Background: Body Mass Index (BMI), like most human phenotypes, is substantially heritable. However, BMI is not normally distributed; the skew appears to be structural, and increases as a function of age. Moreover, twin correlations for BMI commonly violate the assumptions of the most common variety of the classical twin model, with the MZ twin correlation greater than twice the DZ correlation. This study aimed to decompose twin correlations for BMI using more general skew-t distributions.
Methods: Same sex MZ and DZ twin pairs (N = 7,086) from the community-based Washington State Twin Registry were included. We used latent profile analysis (LPA) to decompose twin correlations for BMI into multiple mixture distributions. LPA was performed using the default normal mixture distribution and the skew-t mixture distribution. Similar analyses were performed for height as a comparison. Our analyses are then replicated in an independent dataset.

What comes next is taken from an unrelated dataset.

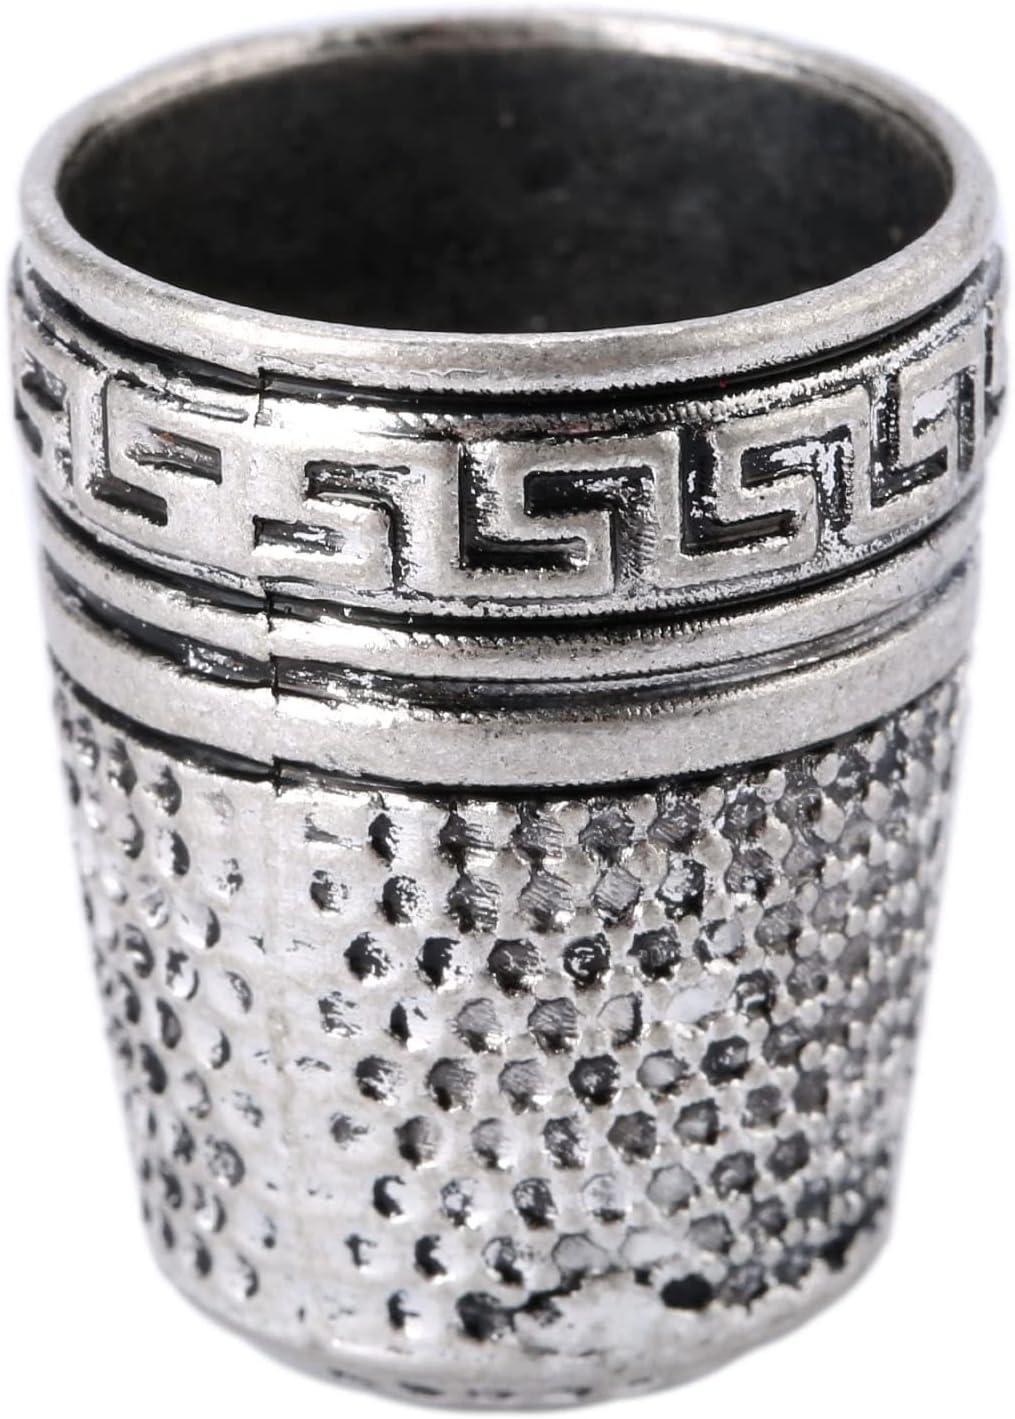 SILVER METAL THIMBLE Metal Thimbles for Hand Sewing 6Pcs Thimble Ring Cap  $5.12 - PicClick AU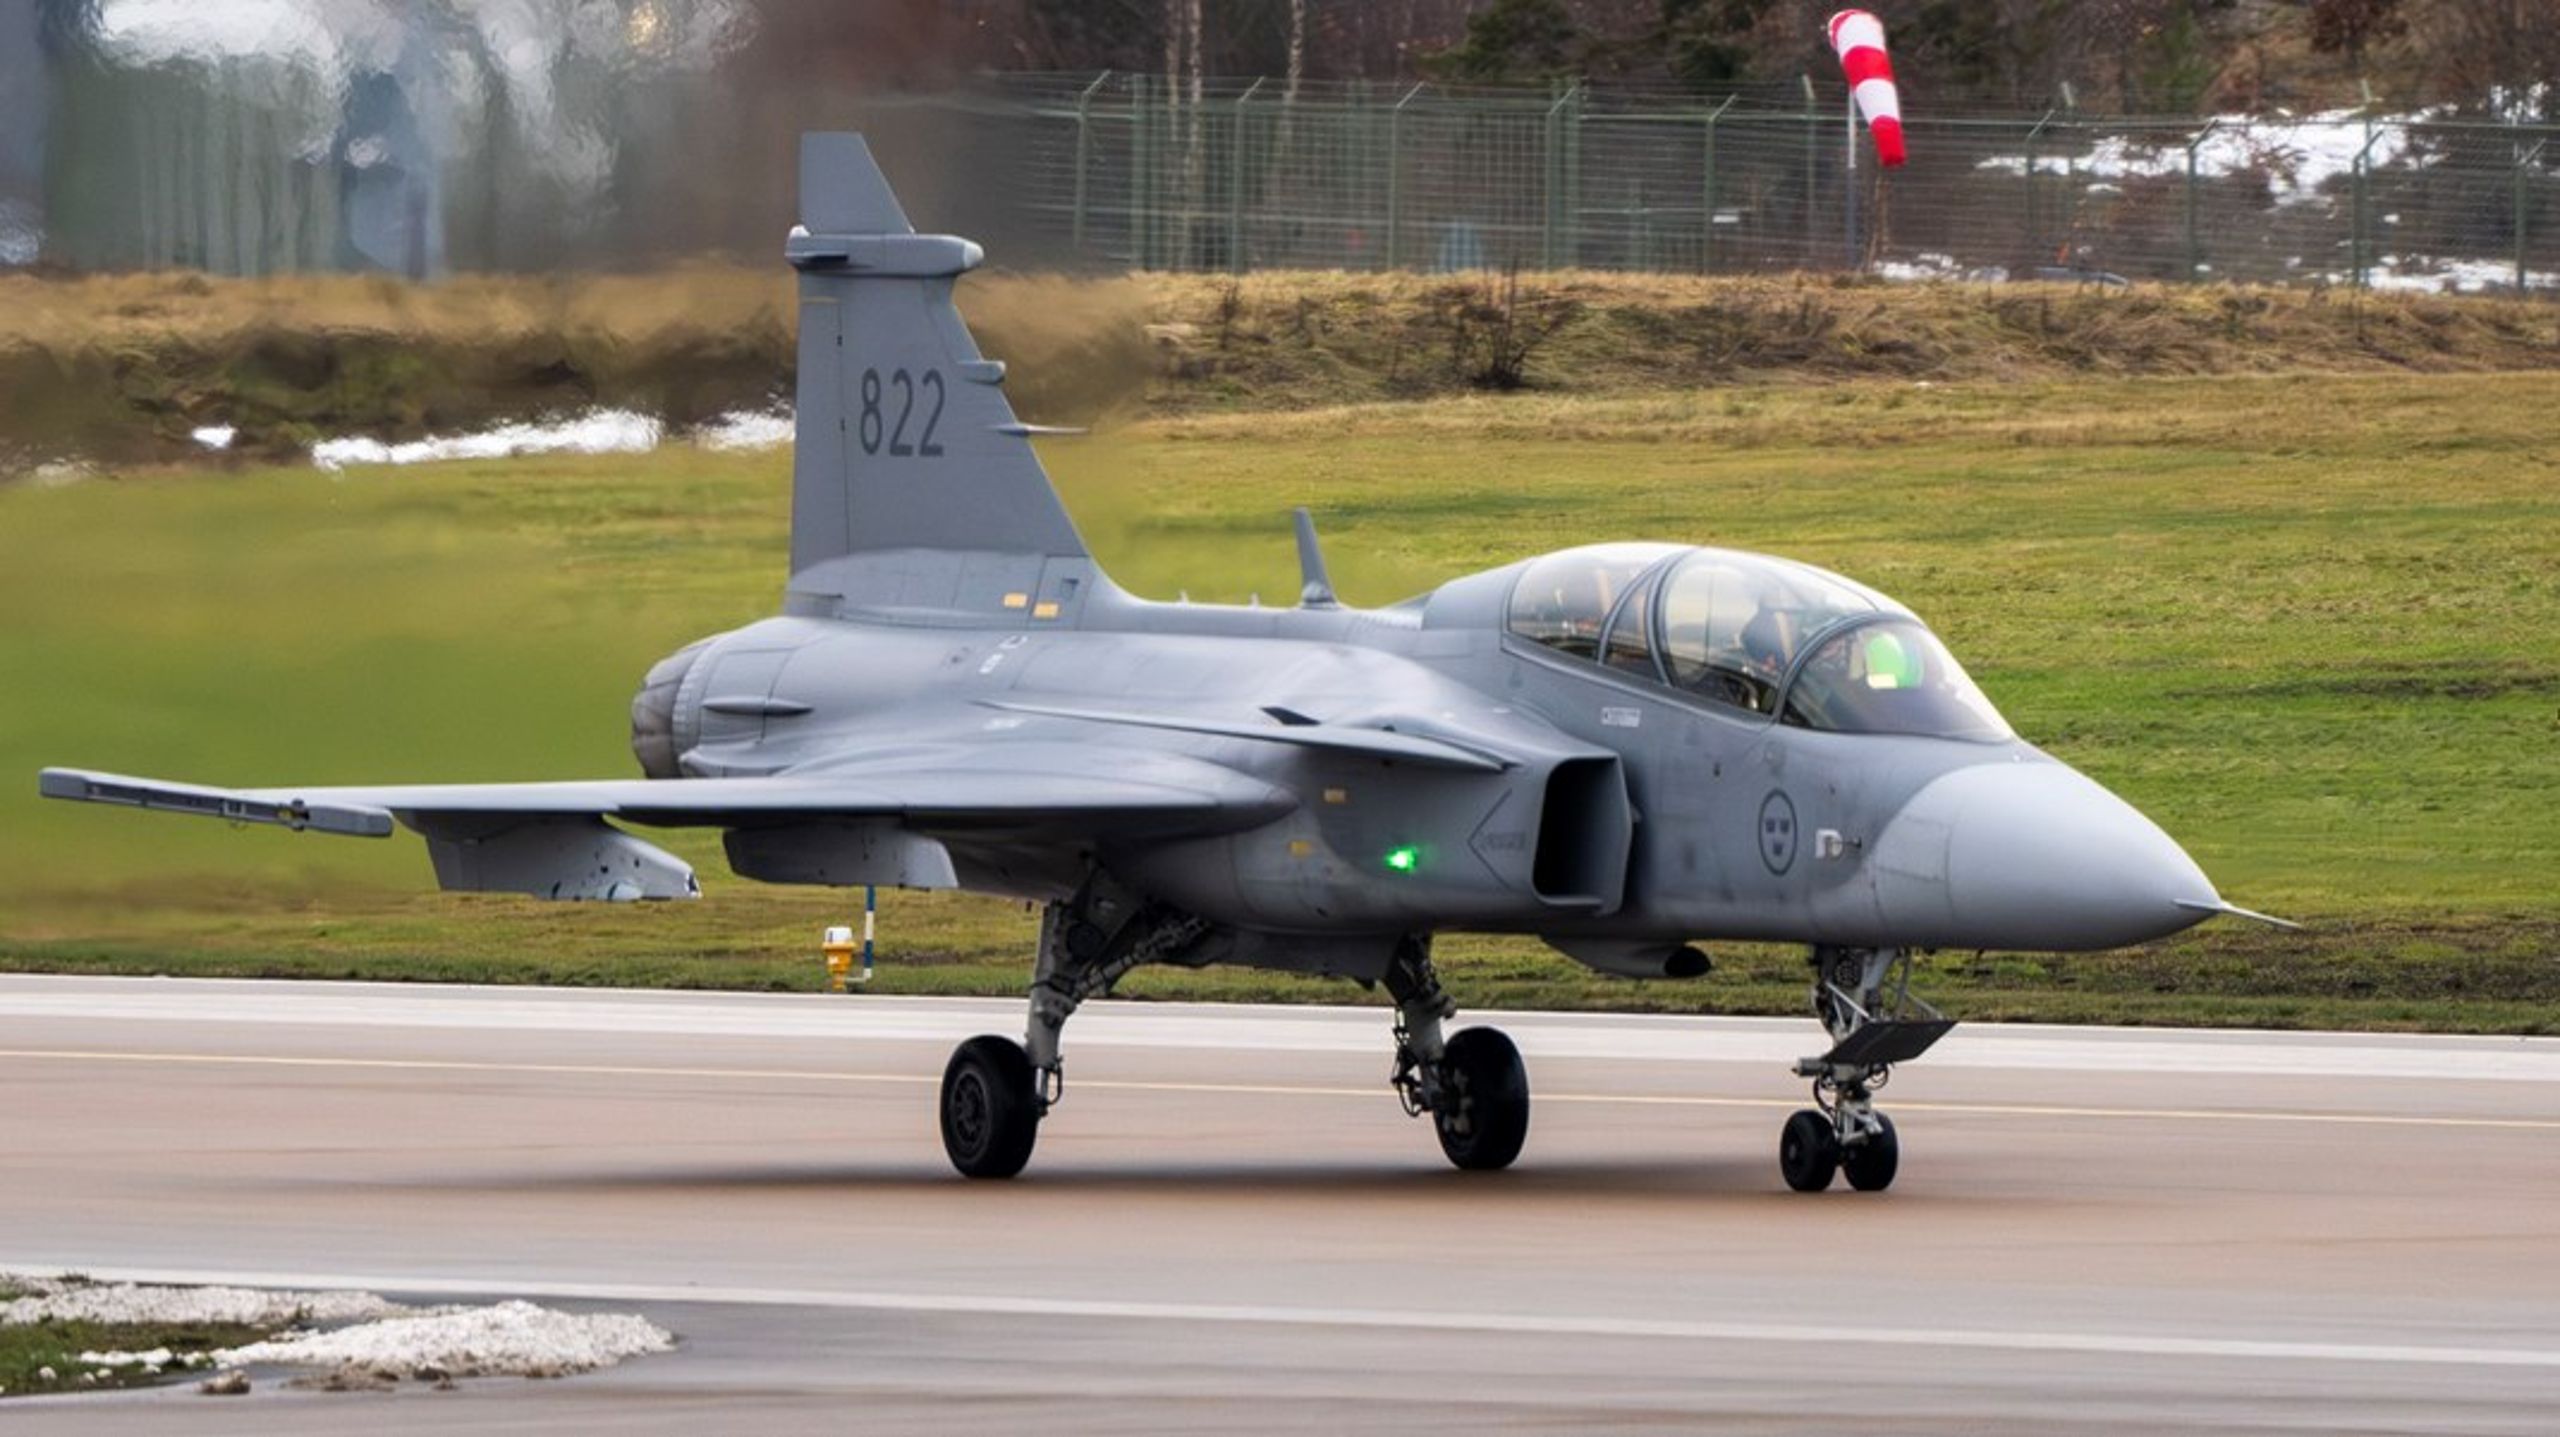 Stridsflygplan, granatgevär och radarsystem. Tre återkommande varor i Sveriges vapensexport.

Results: A two-class solution under the skew-t mixture distribution fits the BMI distribution for both genders. The first class consists of a relatively normally distributed, highly heritable BMI with a mean in the normal range. The second class is a positively skewed BMI in the overweight and obese range, with lower twin correlations. In contrast, height is normally distributed, highly heritable, and is well-fit by a single latent class. Results in the replication dataset were highly similar.
Conclusions: Our findings suggest that two distinct processes underlie the skew of the BMI distribution. The contrast between height and weight is in accord with subjective psychological experience: both are under obvious genetic influence, but BMI is also subject to behavioral control, whereas height is not.